**Task to complete**
Would you repeat exactly the part of the listing below that runs from the line containing "Night market crispy chicken bento box" down to the line containing "Beautiful Hindi Girl", inclusive, and nothing else?

**Supplied material**
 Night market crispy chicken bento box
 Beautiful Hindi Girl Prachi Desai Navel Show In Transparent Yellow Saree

---

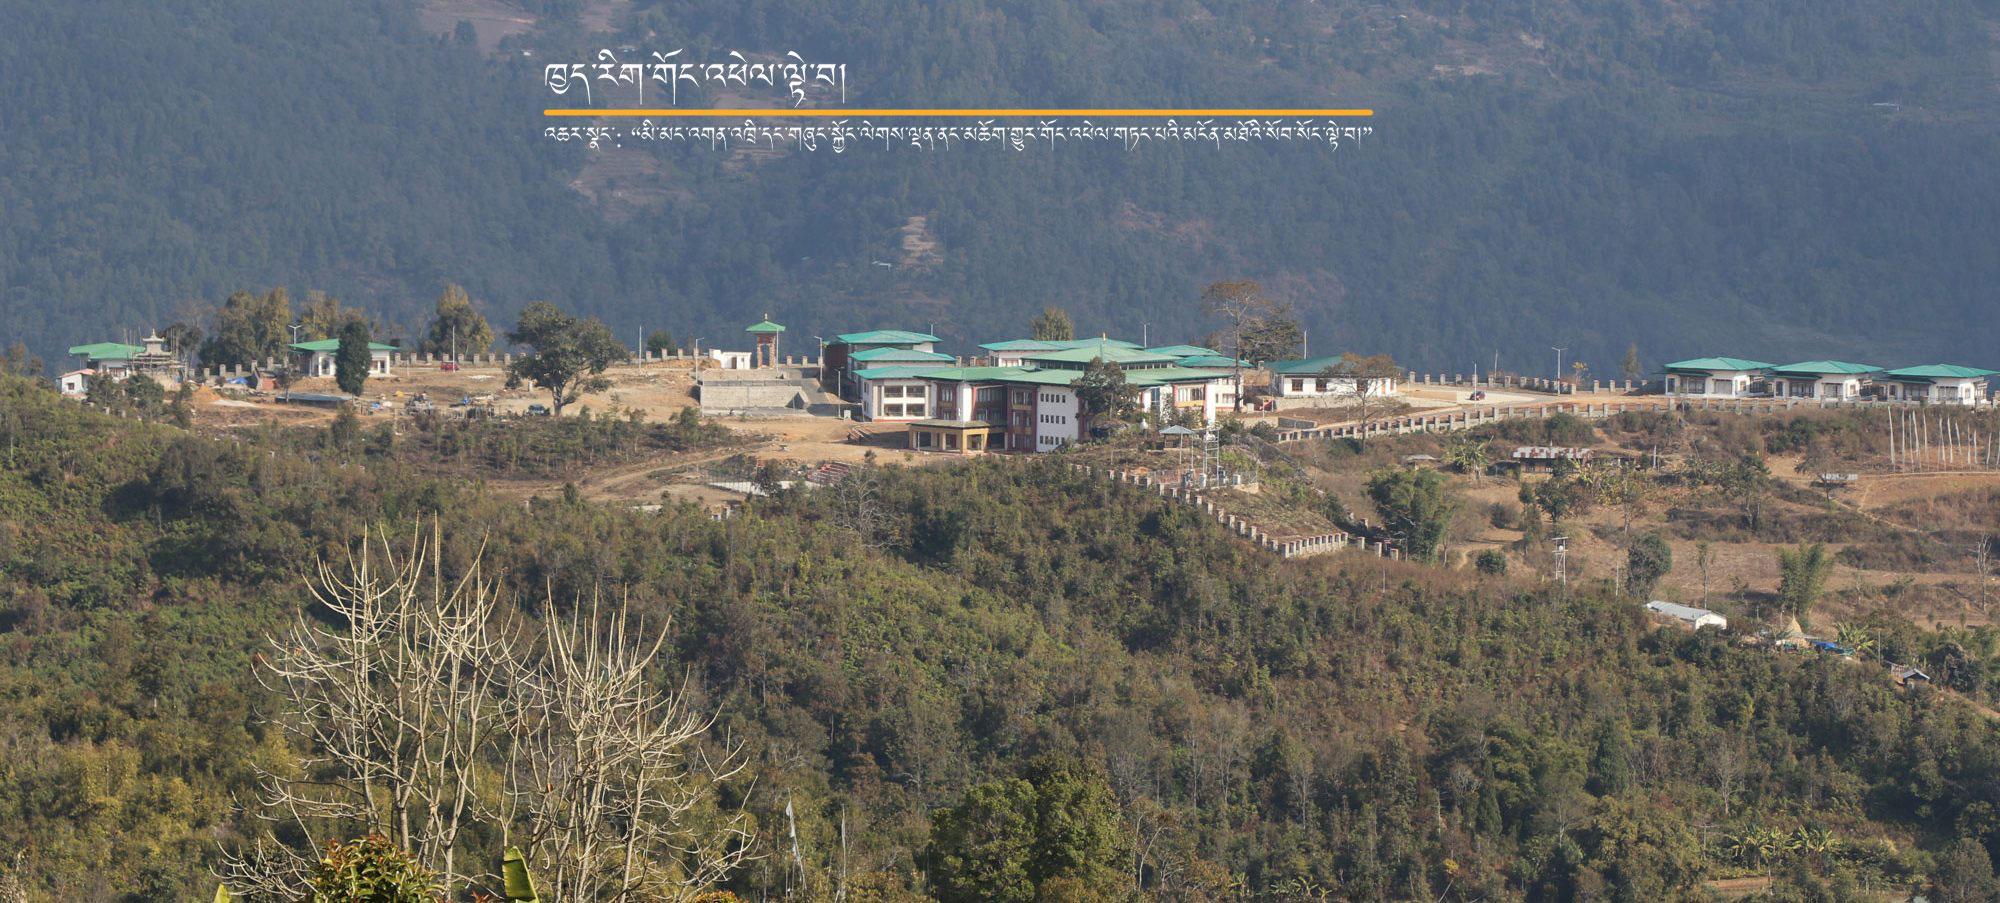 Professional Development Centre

**Solution below**
 Night market crispy chicken bento box
 Beautiful Hindi Girl Prachi Desai Navel Show In Transparent Yellow Saree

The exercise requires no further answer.